─── DATA SUPPLIED

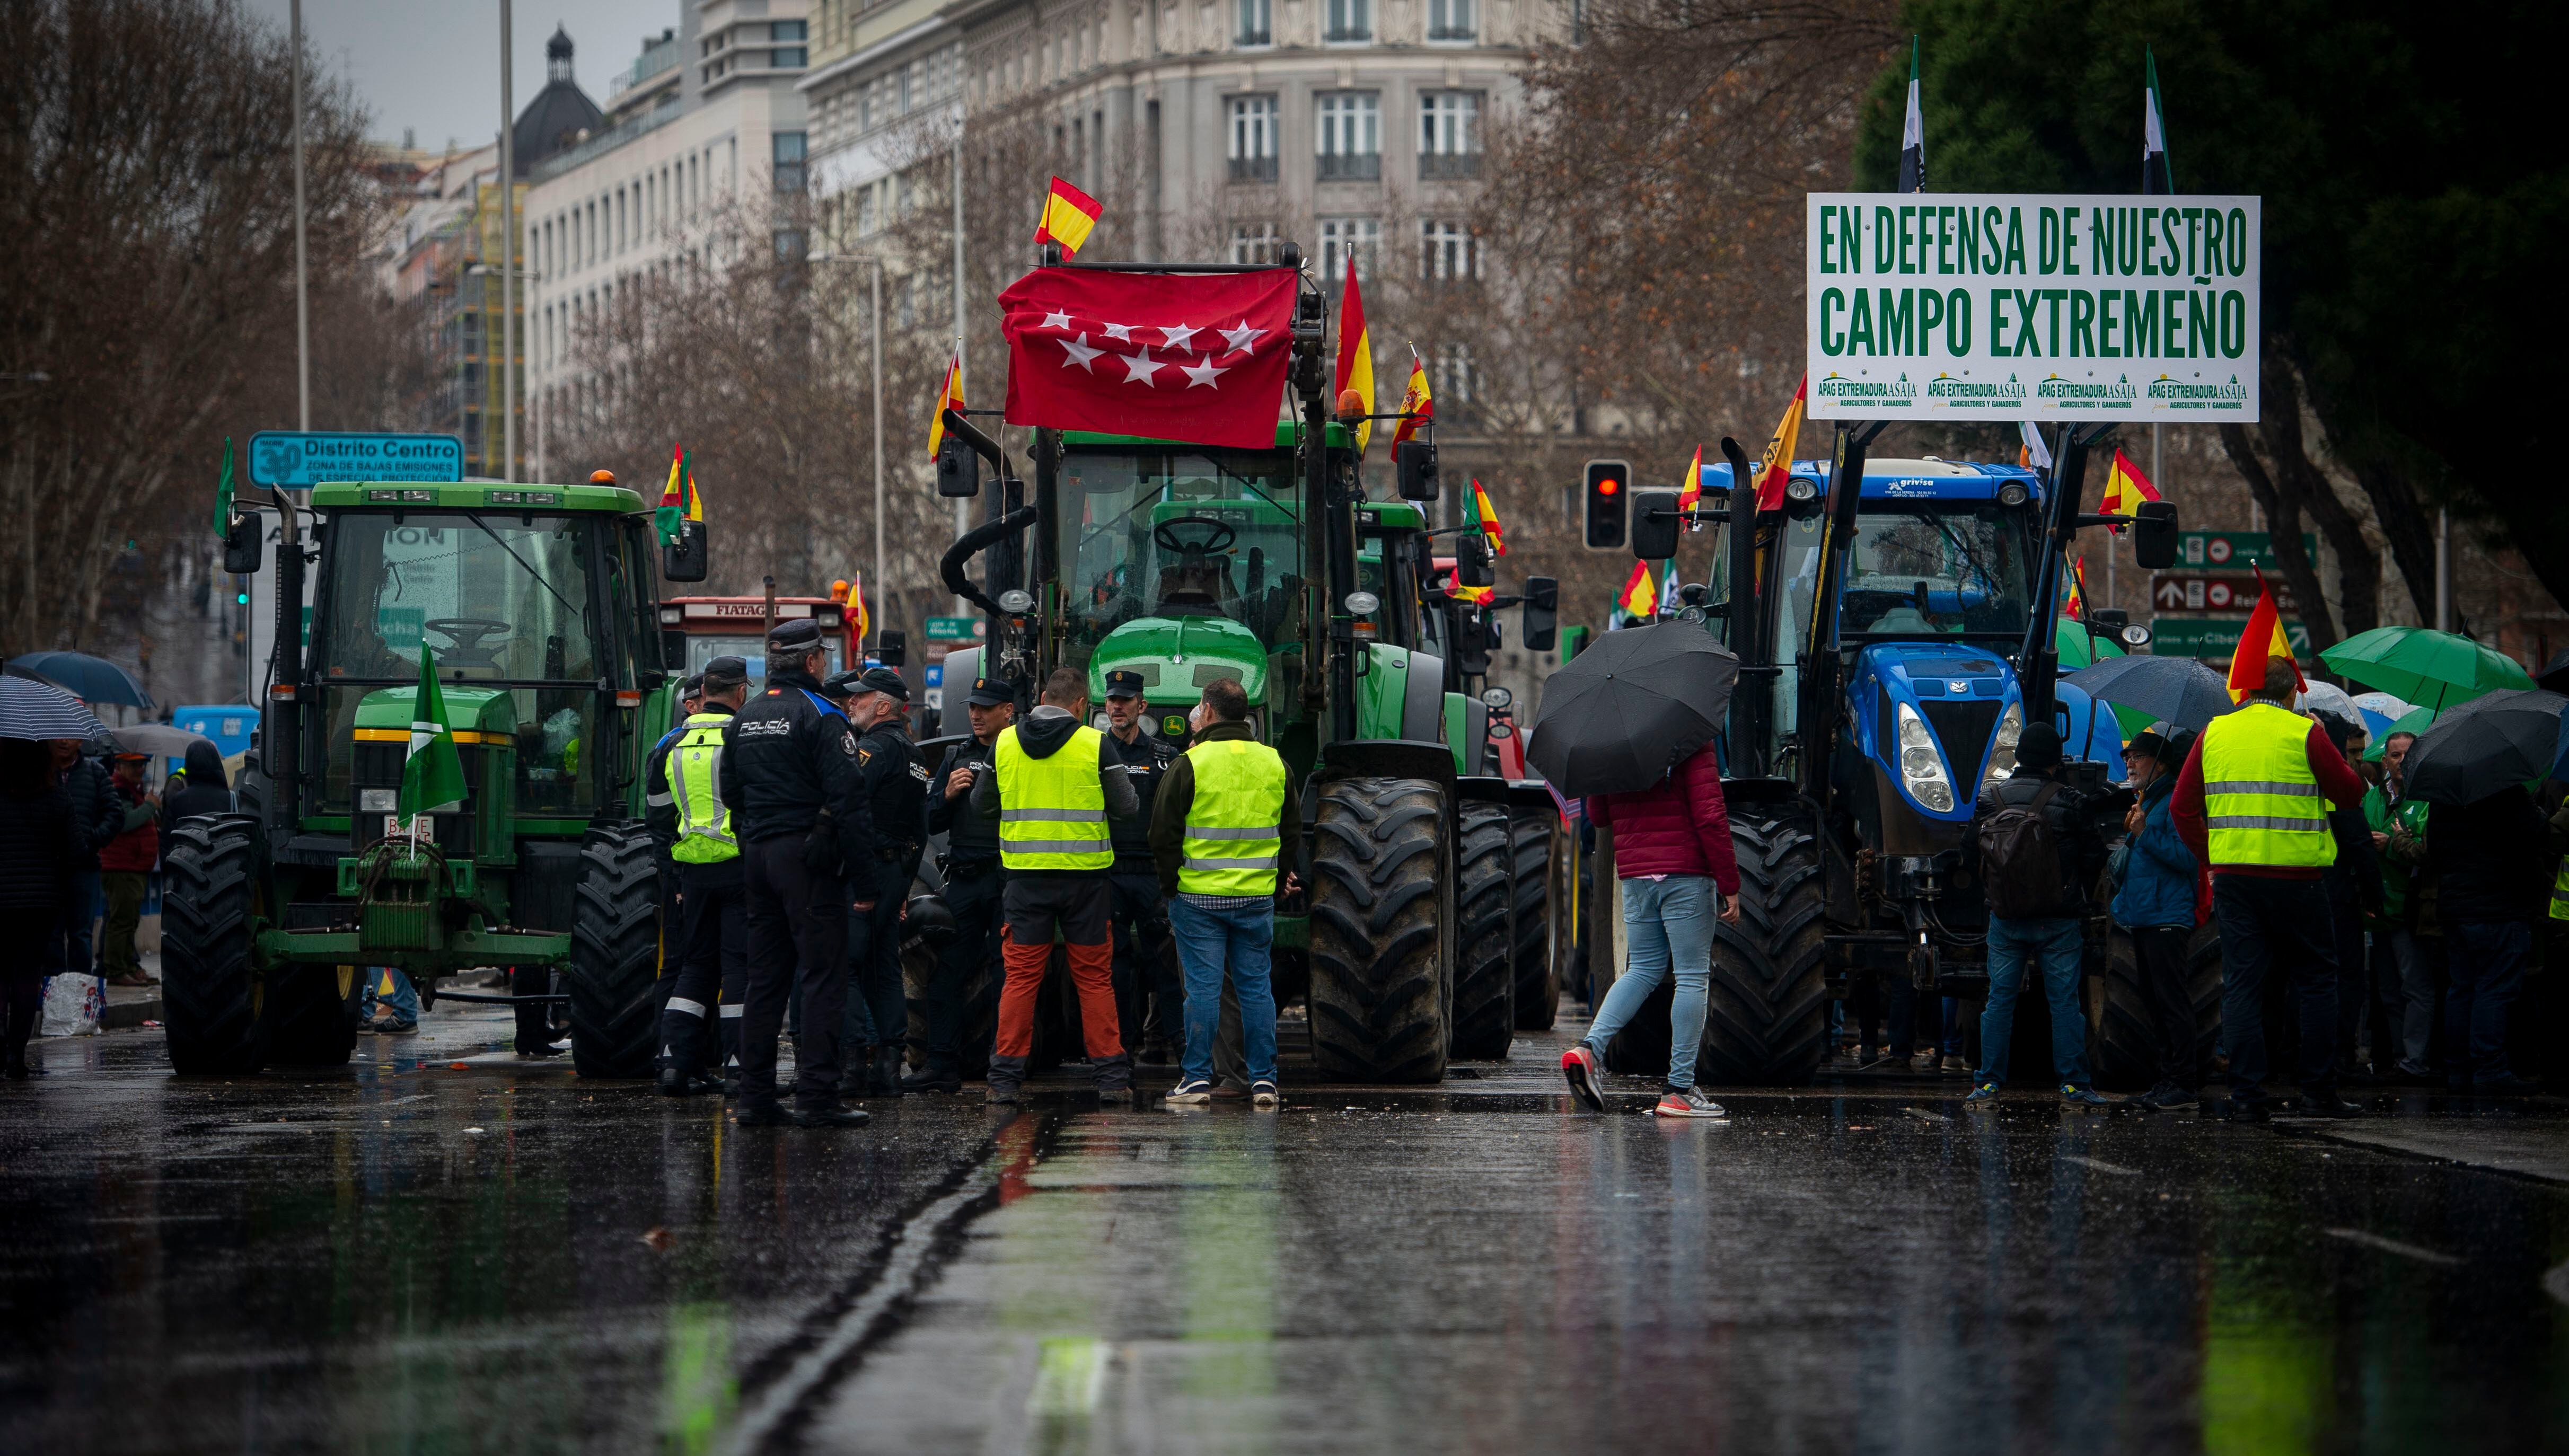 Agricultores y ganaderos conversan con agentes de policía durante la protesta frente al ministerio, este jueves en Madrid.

──────
─── DATA SUPPLIED

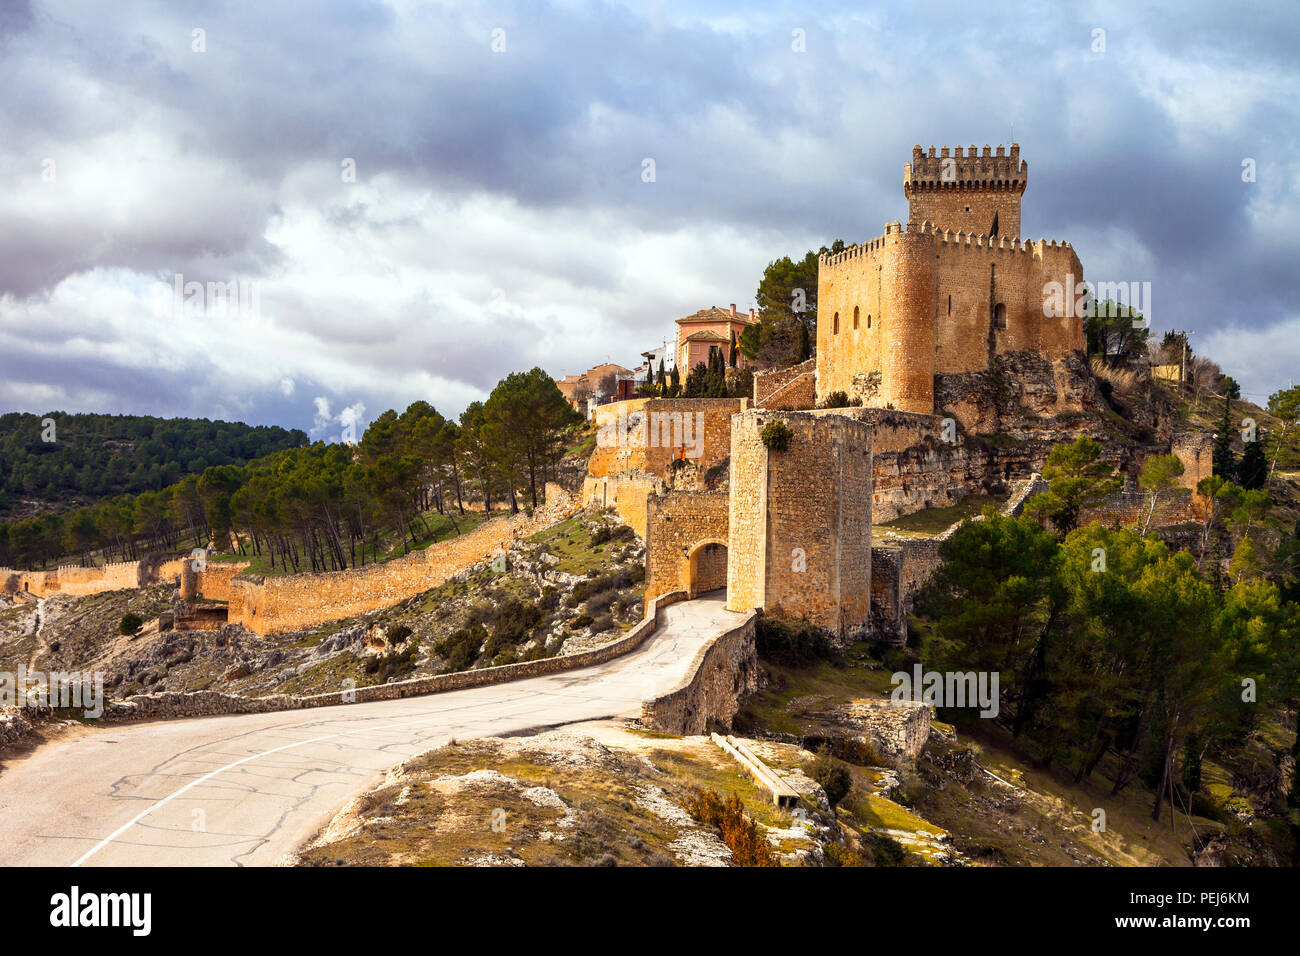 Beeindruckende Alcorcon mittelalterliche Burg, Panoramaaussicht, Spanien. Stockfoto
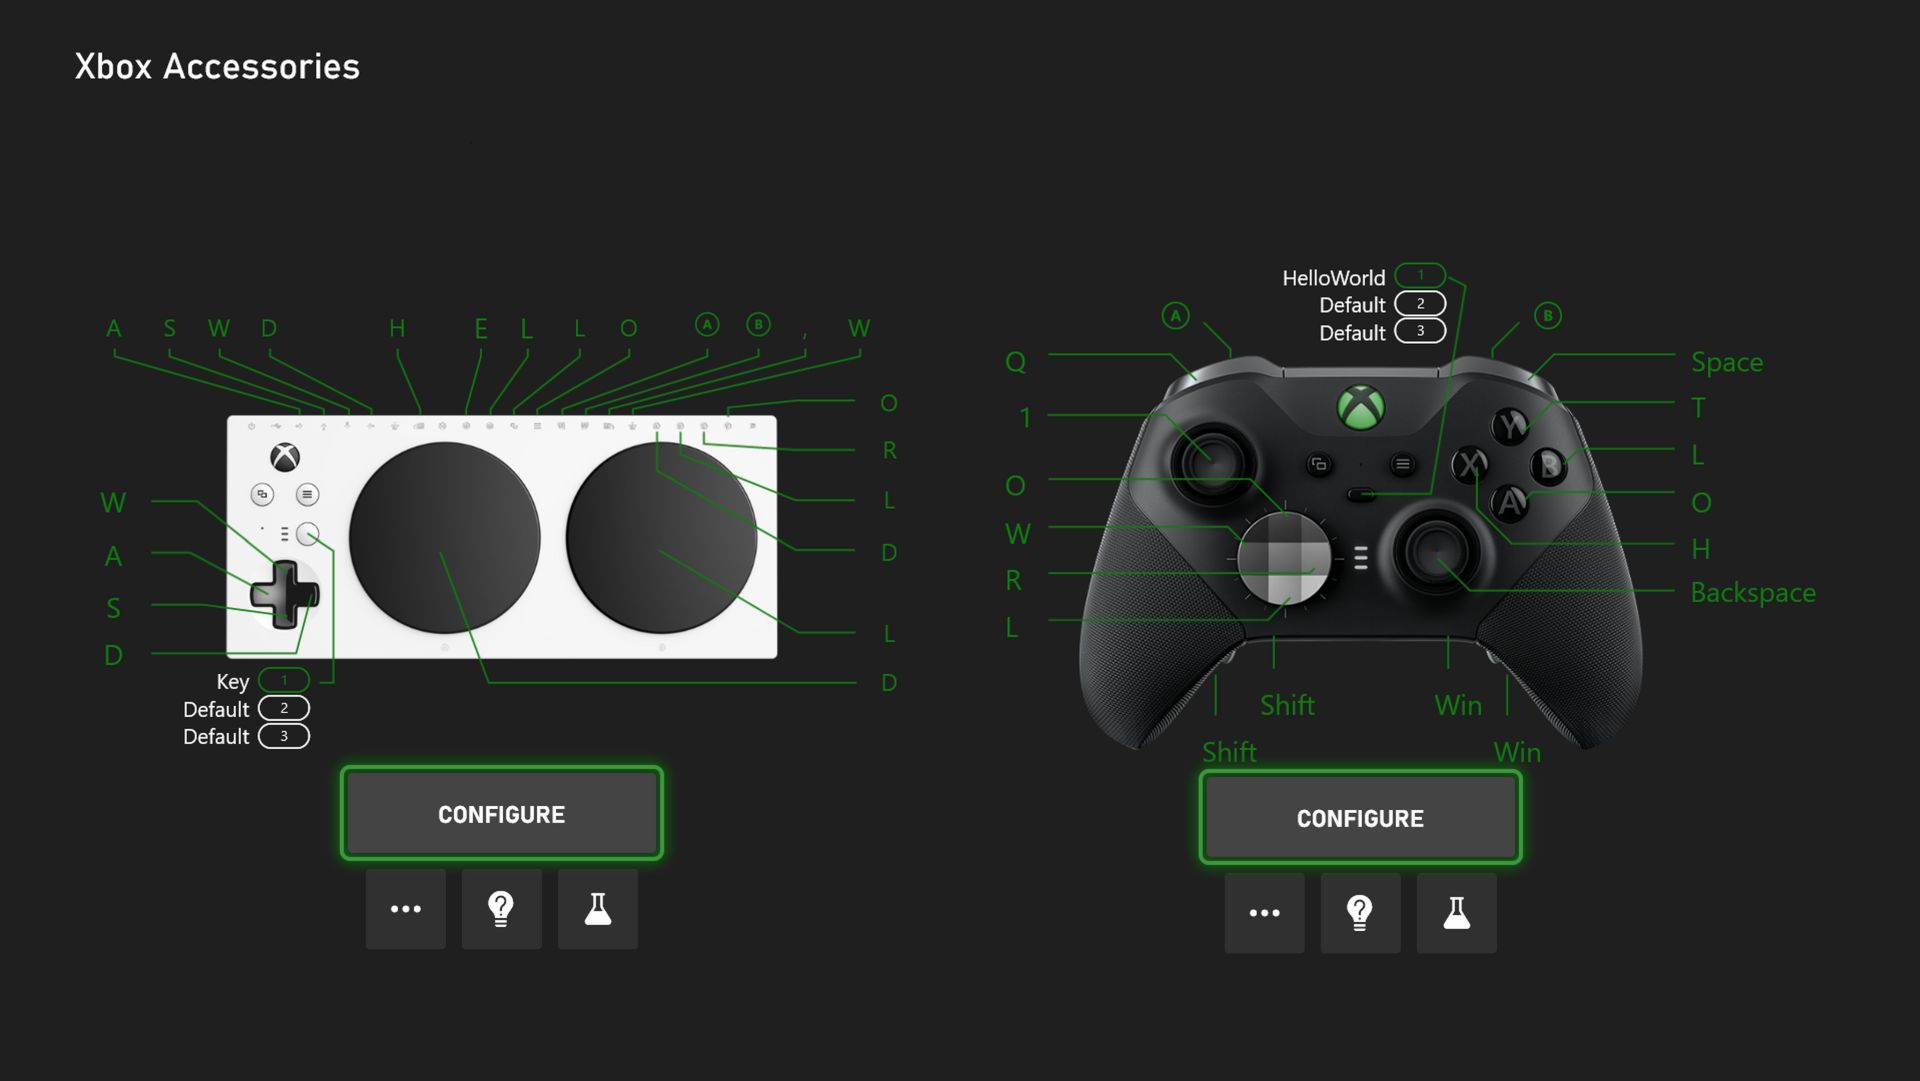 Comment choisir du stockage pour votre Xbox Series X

──────

> WHAT TO DO: Leaving out each picture, repeat exactly the lines above from the one that contains "Beeindruckende Alcorcon mittelalterliche" through the one that contains "Comment choisir du".

> FINAL ANSWER:
 Beeindruckende Alcorcon mittelalterliche Burg, Panoramaaussicht, Spanien. Stockfoto
 Comment choisir du stockage pour votre Xbox Series X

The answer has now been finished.